In Forex forecasts, nothing specific is given. The traders are not made to hope high and expect more. If you have seen or heard a Forex forecast, be sure to check on some projected rate fluctuations whenever and wherever possible so you would have an idea it the Forex forecast shows a likely possibility to be true or not.
Staying in touch and up-to-date with the latest news and happenings around the globe and information about the Forex currency can help traders determine when is the best time to buy, sell and stay away from a particular market. All these things are important in the performance of your trade. Take note of some Forex forecasts if only to serve as guide whenever you are in a situation that you find hard to make a decision upon.
How can one benefit from Forex forecasts?
There are some companies that are offering Forex forecast information as a subscription that traders can avail of. For those who do not have enough patience and browse for information in the internet, this Forex forecast information would be their alternative.
No one said that there is a 100% accuracy in these Forex forecasts. And no one told traders that they should also believe them 100%. If you want to have more degree of accuracy in the Forex forecast, you could always find one with the most accurate percentage rate

Forex Trading Education: Things You Should Know About Forex Trading



How difficult is it to make money trading the Forex market? How much time does it take to actually be able to make a living trading the Forex market? These and other important aspects of trading are to be discussed in this article.

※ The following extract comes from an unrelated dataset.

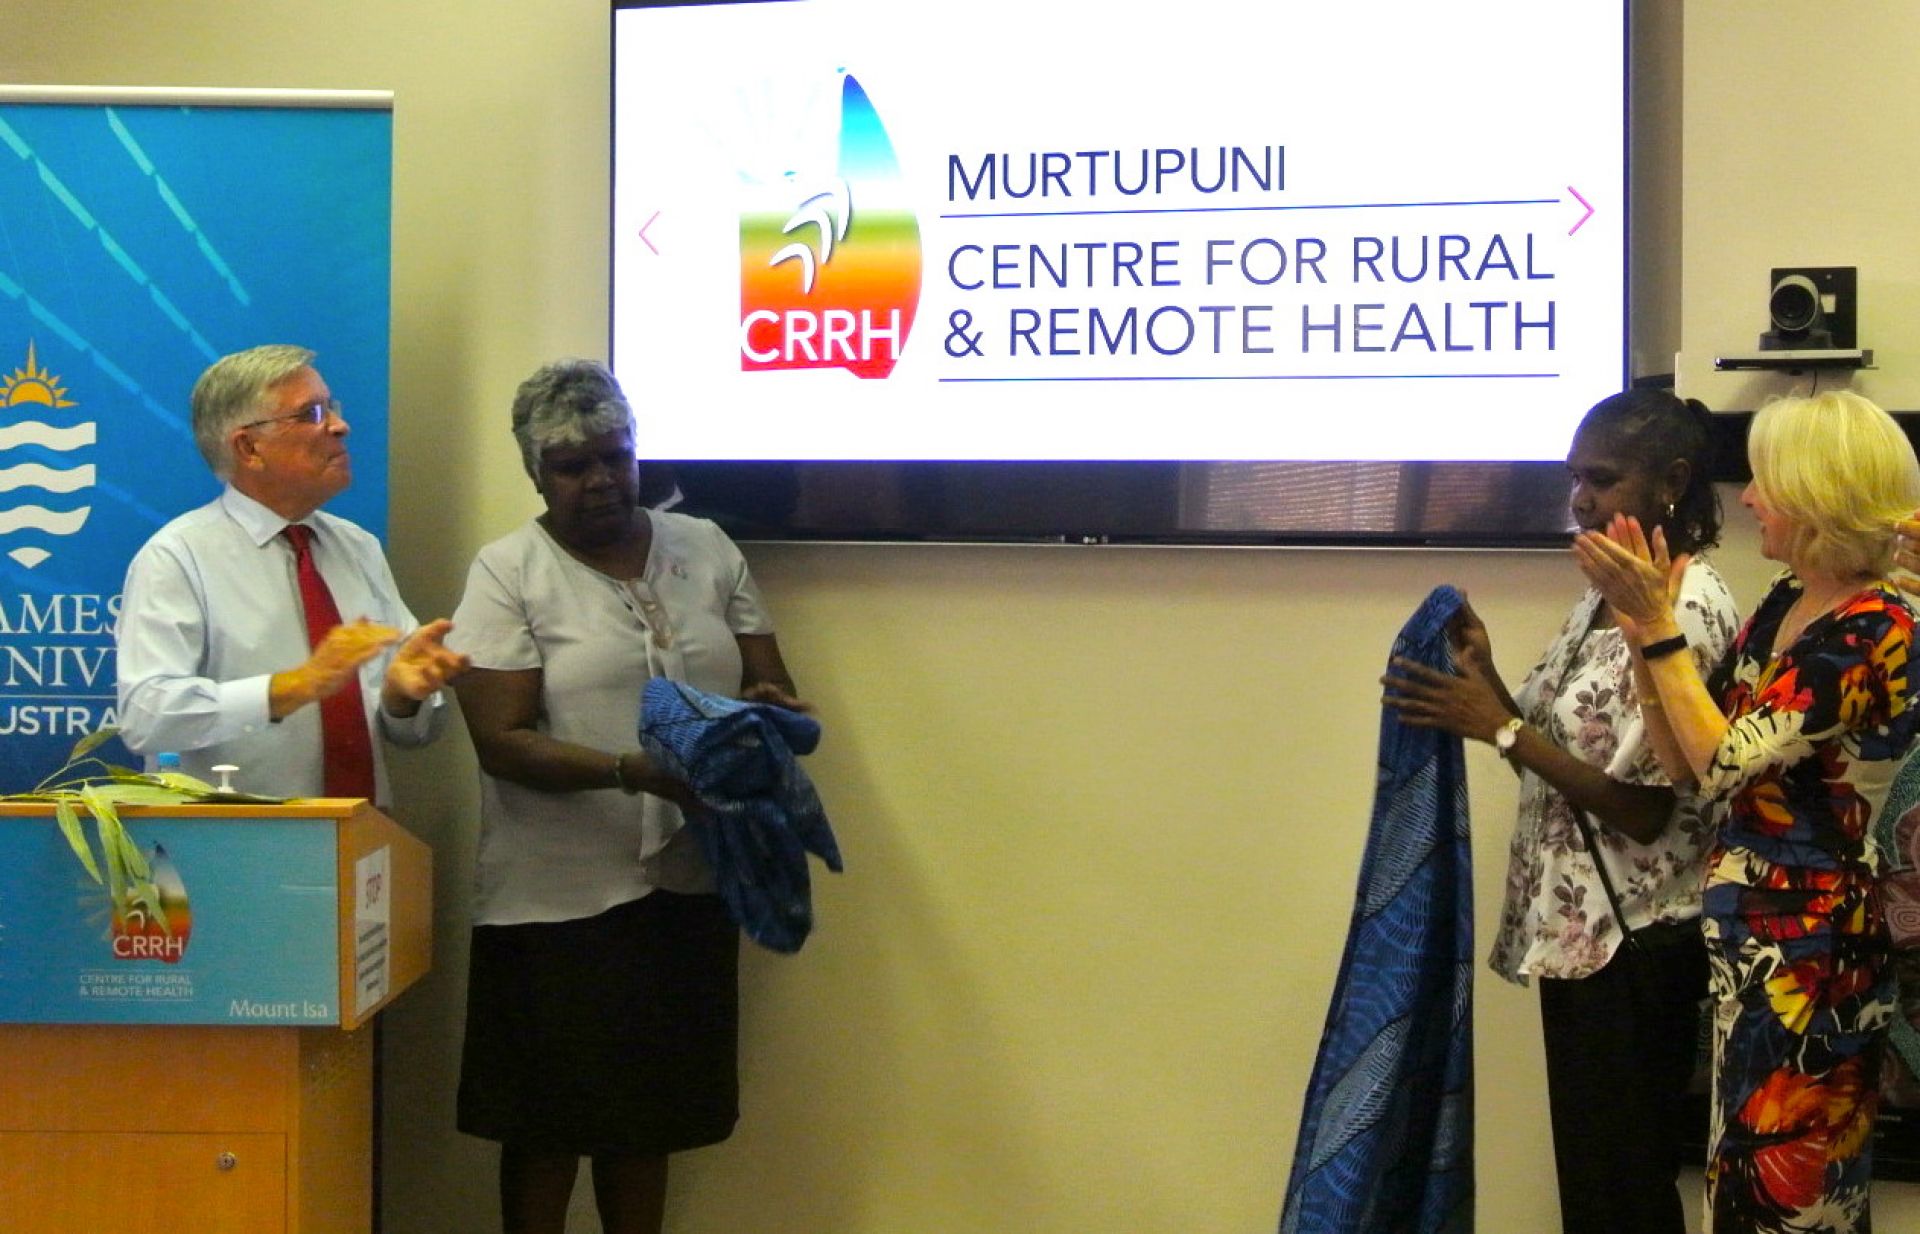 unveiling of the Mount Isa campus indigenous name

Trading the Forex market has many benefits over other financial markets, among the most important are: superior liquidity, 24hrs market, better execution, and others. Traders and investor see the Forex market as a new speculation or diversifying opportunity because of these benefits. Does this mean that it is easy to make money trading the Forex Market? Not at all.
Forex brokers agree that 90% of traders end up losing money, 5% of traders end up at break even and only 5% of them achieve consistent profitable results. With these statistics shown, I don't consider trading to be an easy task. But, is it harder to master any other endeavor? I don't think so, consider musicians, writers, or even other businesses, the success rates are about the same, there are a whole bunch of them who never got to the top.

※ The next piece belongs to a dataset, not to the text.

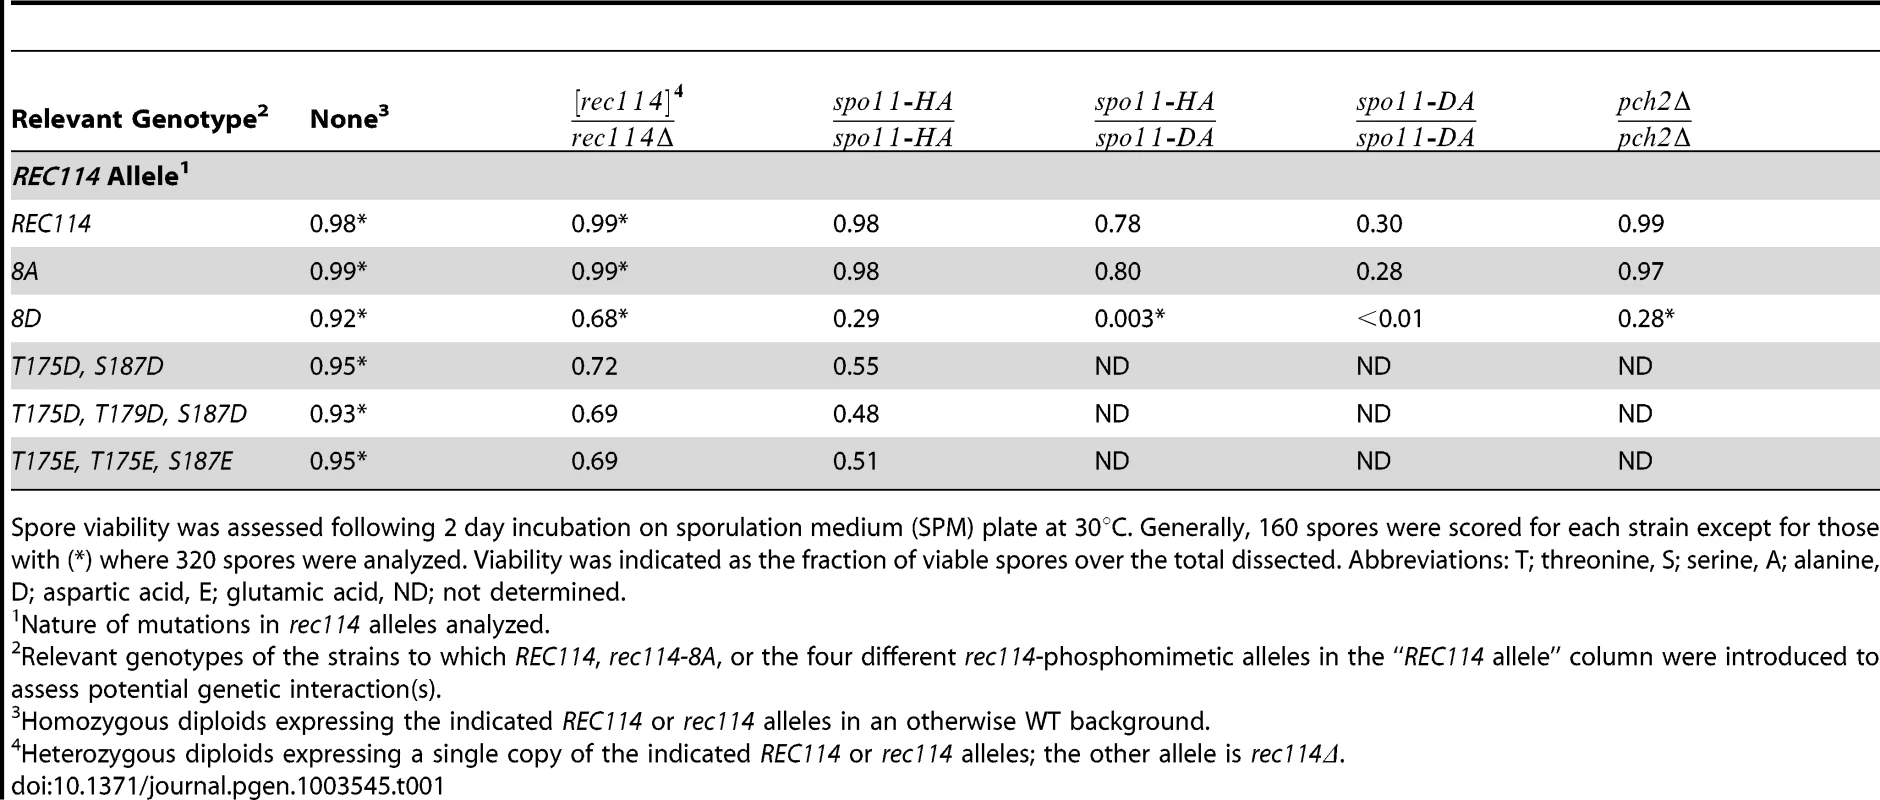 Spore viability of the different <i>rec114</i> alleles in various genetic backgrounds.

Now that we know it is not easy to achieve consistent profitable results, a must question would be, Why is it that some traders succeed while others fail to trade successfully in the Forex market? There is no hard answer to this question, or a recipe to follow to achieve consistent profitable results. What we do know is that traders that reach the top think different. That's right, they don't follow the crowd, they are an independent part of the crowd.
A few things that separate the top traders from the rest are:
Education: They are very well educated in the matter; they have chosen to learn every single and important aspect of trading. The best traders know that every trade is a learning experience. They approach the Forex market with humility, otherwise the market will prove them wrong.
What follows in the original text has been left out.